We then wish to store the links to the top 300 rated players for a specific country. The website stores the players groups of 100s. For each group of 100 players, we request all of the html content on the page. The html content on the page that links to each specific player contains a string "a" which is the HTML tag. For each of the "a" tags, we append to the links list the html's href tag. The href tag may contains the player's unique ID identifier. For example, Leonel Messi's player ID is 158023. We filter the href tags to only contain those that have the string "player" in them. These tags correspond to each player's personal page which will list their attributes. 

For each string that contains a player, we create a URL with the link to that player's page by concatenating the href tag with http://sofifa.com. By accessing the concatenated URL, we can scrape each player's game attribues. We can do this by noticing that the attributes are embedded in a specific Regular Express (regex) style.  Through the specific regex, we can extract the player's attributes because they all follow a specific pattern. The first part of the regex extracts the player's name, and the subsequent parts correspond to the regex to identify where the attributes are located in the HTML file.

We iterate through each of the player links we created prior. For each link, we parse through the resulting html file using the BeautifulSoup function. By using the get_text() function, we extract only the text elements of the web page. Finally, from the resulting text, we match the regex pattern we defined earlier to extract the portions of the text that follow the regex. By extracting the regex style expressions from the text, we have each player's attributes in the first portion of the regex. We append each attribute to the player's data. 

Because many of our players have non English names, their names may contain characters that are not ASCII. The larger subset of characters, called Unicode, needs to be displayed properly when extracting the player's name. Fortunately the HTML and the beautiful soup package support Unicode characters through the get_text and html.parser functions. Therefore, when we extract the player names, they are already in the proper Unicode format and we have to make no further changes. 

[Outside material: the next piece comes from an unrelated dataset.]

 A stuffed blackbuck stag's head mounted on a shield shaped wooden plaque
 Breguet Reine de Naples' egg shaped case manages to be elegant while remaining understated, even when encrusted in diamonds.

Finally, we have each player's attributes as a list inside a list with all of the player data. We convert the list into a pandas dataframe with each player as a row. The columns are the player's URL to access the data, the player's name, and then all of the attributes defined at the start. We will use this dataframe as a way to cluster our players because the input into the kMeans function can be a pandas dataframe. Finally, we output the resulting data into a csv file.

## 3. 500 English players

To download the first 500 English players instead of the first 300 Argentinian players, we need to modify the code in two places. 

First we need to modify the code to parse players from a different country. As we noticed above, Argentina's country code on the sofifa.com website is na=52. We change this value to na=14, which corresponds to England's players. 

We also need to modify the number of players parsed, from 300 to 500. This is done by modifying the first for loop into the code. We change the list of the offset from ['0','100','200'] to ['0','100','200','300','400']. This adds 2 more pages of 100 players for the code to search through. The code returns the data for the first 500 English players with these two modifications.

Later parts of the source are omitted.